慢性疼痛の一部では、中枢神経系の機能変化が強く関与する状態が報告されています。

「中枢性疼痛症候群の例としては、線維筋痛症、慢性骨盤痛症候群(過敏性腸症候群、間質性膀胱炎/膀胱痛症候群、外陰部痛、慢性前立腺炎/慢性骨盤痛症候群、片頭痛、慢性疲労症候群、顎関節症)などが挙げられる。」
Potential Mechanisms Underlying Centralized Pain and Emerging Therapeutic Interventions / 2018

この引用は、慢性疼痛の一部が単一の組織損傷だけでは説明できず、中枢神経系における疼痛処理の変化と関連している可能性を示しています。

とくに線維筋痛症や慢性骨盤痛症候群のような状態では、末梢の所見だけで全体像を説明することが難しく、痛覚変調性疼痛を理解するうえでも重要な視点になります。

ただし、痛覚変調性疼痛と中枢性感作は同義ではありません。

中枢性感作は神経生理学的な現象であり、痛覚変調性疼痛は臨床的な疼痛分類です。

▶︎ 中枢性感作とは何か

痛みの分類と神経系

DNM創始者 Diane Jacobs氏は次のように述べています。

「すべての痛みは、神経系から生まれる。その後、どのようなメカニズムが痛みを“引き起こしている”かに応じて、神経障害性疼痛など、異なるカテゴリに分類される。」

この考え方は、痛みを単純な組織損傷そのものとしてではなく、神経系による情報処理の結果として理解する立場を示しています。

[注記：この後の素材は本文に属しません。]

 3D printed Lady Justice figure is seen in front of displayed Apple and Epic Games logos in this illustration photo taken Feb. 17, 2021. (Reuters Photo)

つまり3分類は、痛みが神経系の外にあることを意味するのではなく、どの水準の異常や変化が主に関与しているのかを臨床的に整理するためのものです。

この視点を持つことで、組織、末梢神経の状態と入力、中枢神経処理を切り離しすぎずに疼痛を理解できます。

▶︎ 痛みをどう理解するか

疼痛メカニズムは混在する

臨床では、侵害受容性疼痛、神経障害性疼痛、痛覚変調性疼痛が単独できれいに分かれて存在するとは限りません。

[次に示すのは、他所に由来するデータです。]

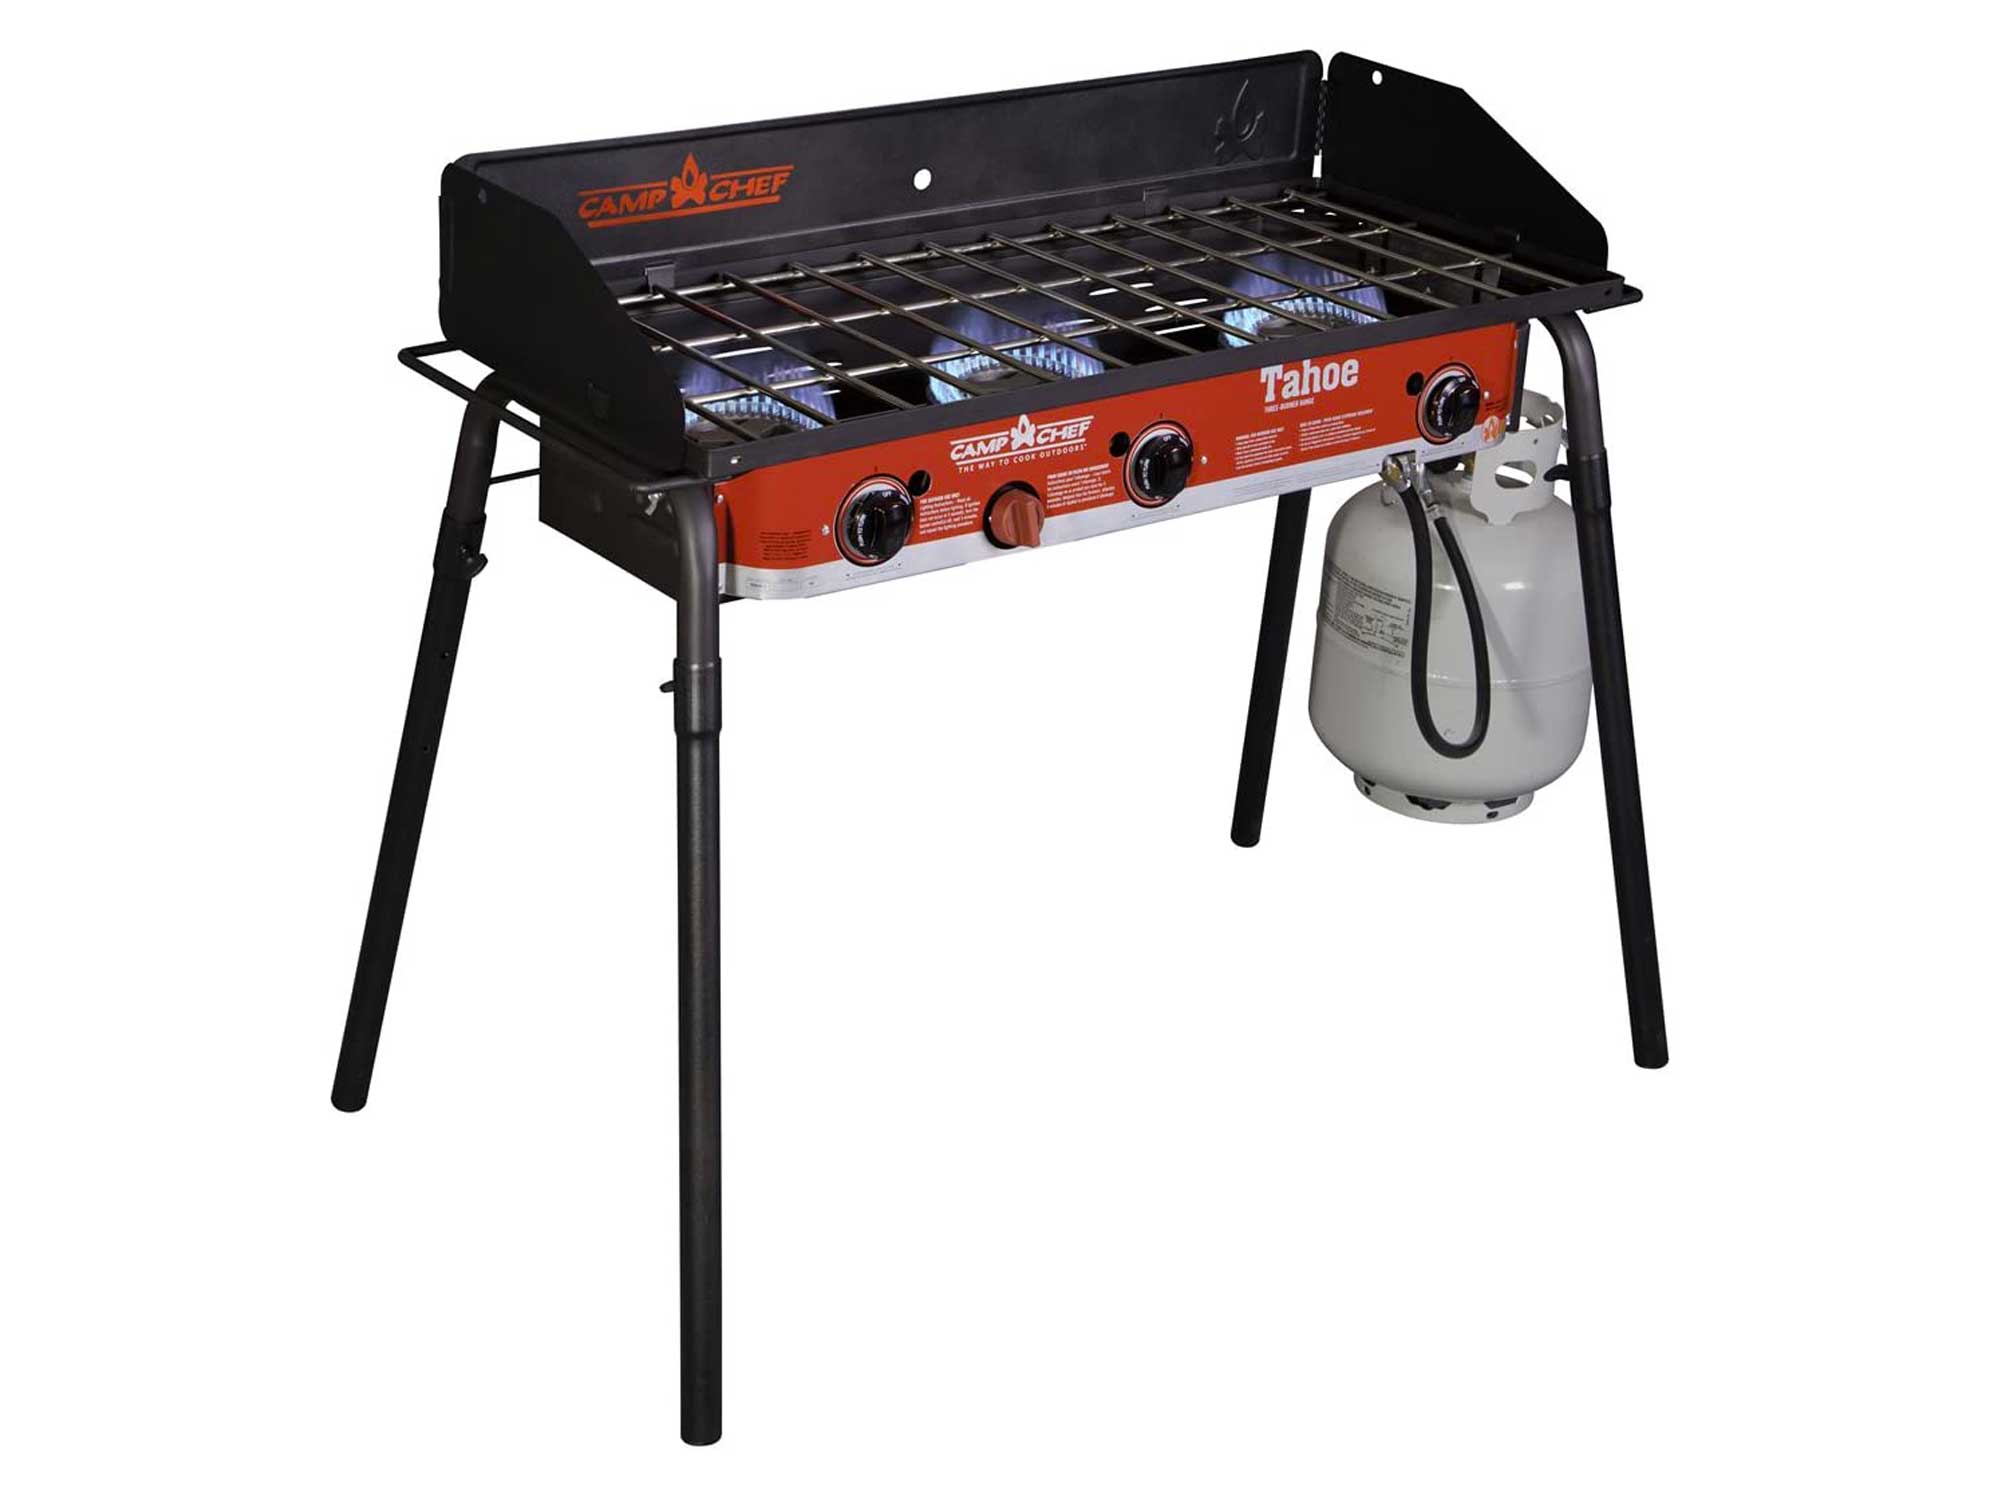 Camp Chef Tahoe Deluxe Three Burner Grill

むしろ慢性疼痛では、複数のメカニズムが重なっていると考える方が自然なことが少なくありません。

例えば慢性腰痛では、初期には筋や靱帯、関節などの侵害受容性疼痛が関与し、その経過のなかで末梢神経の状態の変化や中枢神経処理の変化が加わることがあります。

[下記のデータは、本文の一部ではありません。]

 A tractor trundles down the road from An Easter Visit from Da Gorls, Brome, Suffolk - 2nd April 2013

さらに神経根障害や末梢神経障害を伴えば、神経障害性疼痛の要素が重なる可能性もあります。

そのため臨床では、一つの分類だけで全体を説明しようとするのではなく、どの要素がどの程度関与しているのかを継続的に評価する姿勢が重要です。

▶︎ 慢性疼痛とは何か

結論

侵害受容性疼痛、神経障害性疼痛、痛覚変調性疼痛という3つの分類は、慢性疼痛を理解するための重要な枠組みです。

ただし実際の臨床では、これらは相互に排他的ではなく、複数のメカニズムが重なって存在することがあります。

そのため疼痛を理解する際には、単一の組織損傷だけで説明するのではなく、末梢神経の状態と入力、中枢神経処理、そして時間経過による変化まで含めて評価することが重要です。